Les 99% peut-être, mais dans ce cas les 1% qui restent incluent :

- La corruption de la grande majorité des politiques américains et l'influence directrice qu'a sur eux la classe des milliardaires. Clinton naturellement, et les Rubio, Cruz, Bush avec elle. Le seul autre qui le dise, c'est Sanders précisément

- La guerre d'Irak a été une faute stratégique monumentale, et GW Bush a menti pour la déclencher. Oui, ça peut paraître évident, mais là encore inutile d'espérer même le quart de cette franchise de la part d'un autre candidat républicain, et de Clinton non plus.

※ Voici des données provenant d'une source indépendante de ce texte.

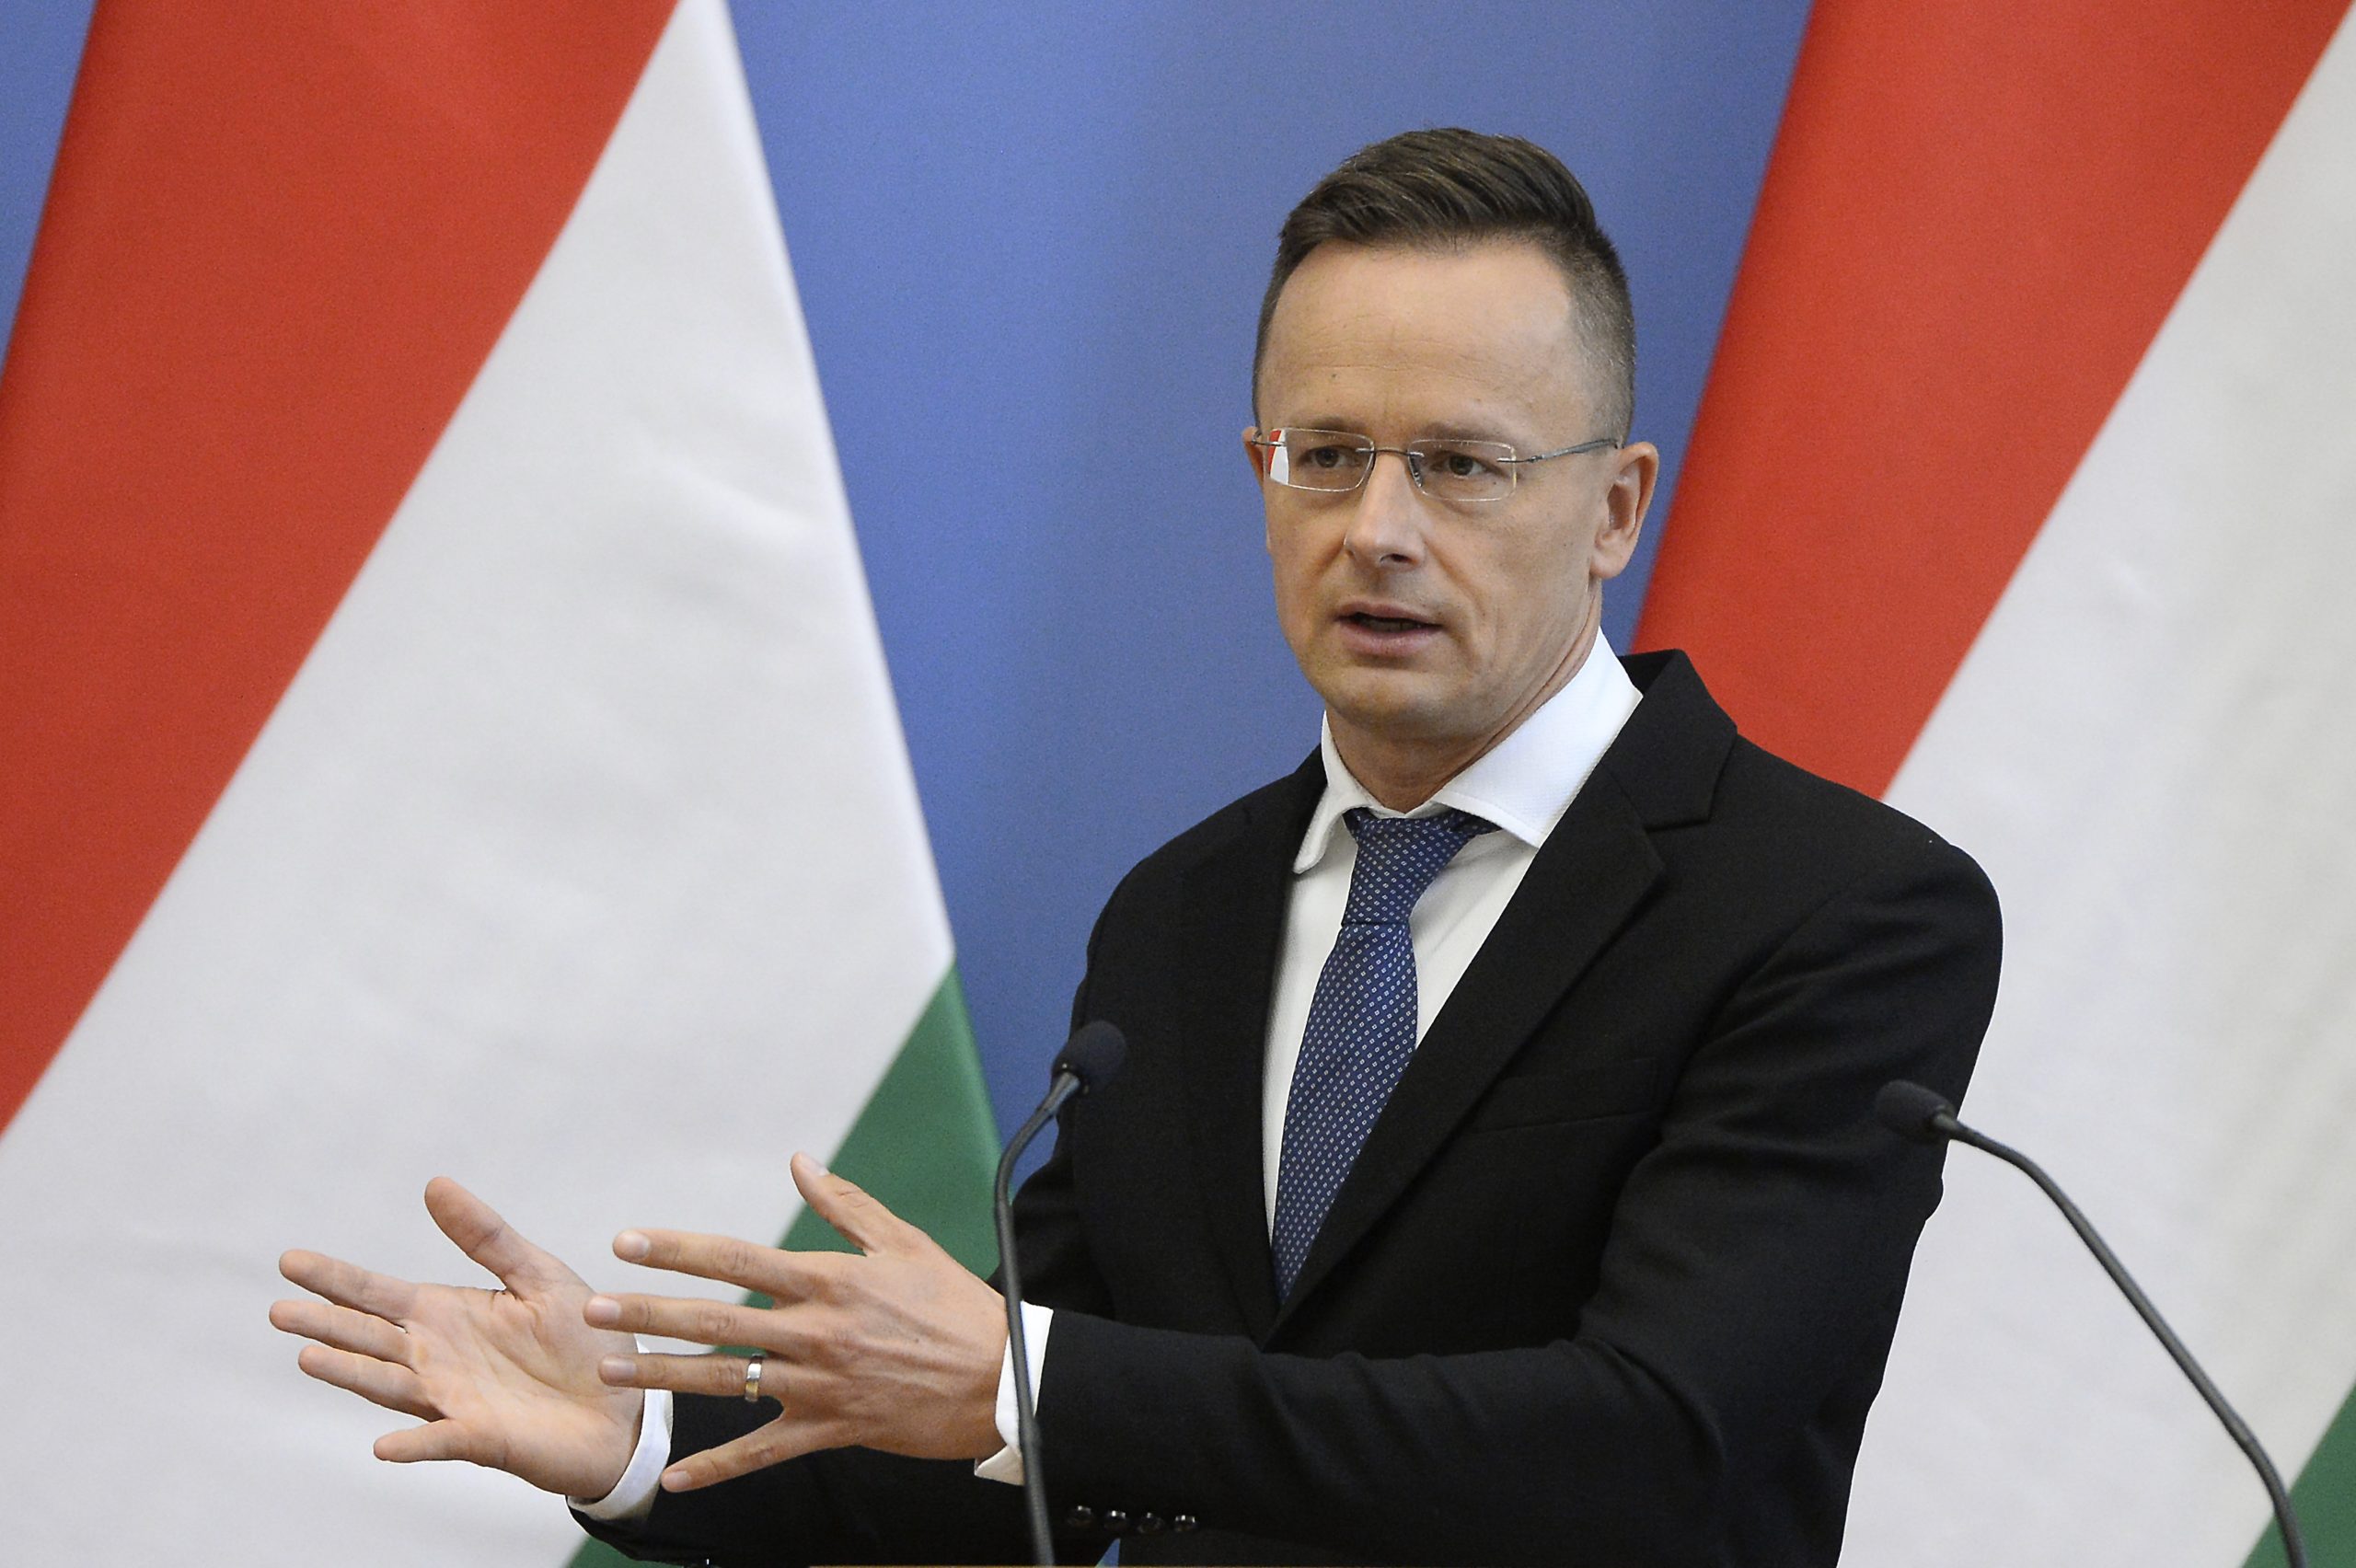 FM Szijjártó: Hungary and Poland Not Moving Away from EU

Parmi les candidats encore dans la course, le seul autre à être aussi franc est... de nouveau Sanders

- Les rebelles syriens sont en grande partie des islamistes patentés qui ne sont pas les alliés des Etats-Unis. Espérer d'un autre Républicain, ou de Clinton la va-t-en-guerre qu'ils le reconnaissent... eh bien on attend encore

- L'Arabie saoudite pourrait bien avoir un lien avec le 11 septembre, ce que Trump a dit ouvertement tout en s'engageant en cas d'élection à mettre sur la place publique les 28 pages classées "top secret" du rapport parlementaire sur les attentats de 2001. Je ne suis pas certain que Sanders ait été aussi franc, ce serait à vérifier, même si je trouverais assez vraisemblable que s'il est élu, The Bern lui aussi soit prêt à sortir tout ce qui a été caché dans les placards

Mine de rien, ces différents points reviennent tout de même à une remise en cause d'une part de la corruption structurelle des politiques américains, d'autre part des fondements même de la politique Bush-Obama suite au 11 septembre, désastre qui non seulement a coûté cher aux Etats-Unis, mais qui de plus pourrait bien ne pas être terminé - par exemple si une certaine Hillary C. devait s'installer à la Maison Blanche.

 

Il y a 13 heures, Tancrède a dit :

Dans le monde réel, toutes ces entreprises, tous ces projets, ont lamentablement foiré (souvent très vite) et certains ont collé au cul de Trump via les tribunaux (comme c'est encore le cas pour la fausse université)

Ça, c'est une autre histoire. Et je n'ai pas dit que j'allais prêter de l'argent à Trump, hein... On peut observer les primaires américaines, et tenir quand même un peu à ses sous :happy:

Personnellement je comprends sans difficulté que des Américains puissent juger que la remise en cause dévastatrice par Trump de la corruption politique structurelle et de la politique étrangère post-11 septembre pèse plus lourd que ses divers échecs en affaires et son ego hypersensible.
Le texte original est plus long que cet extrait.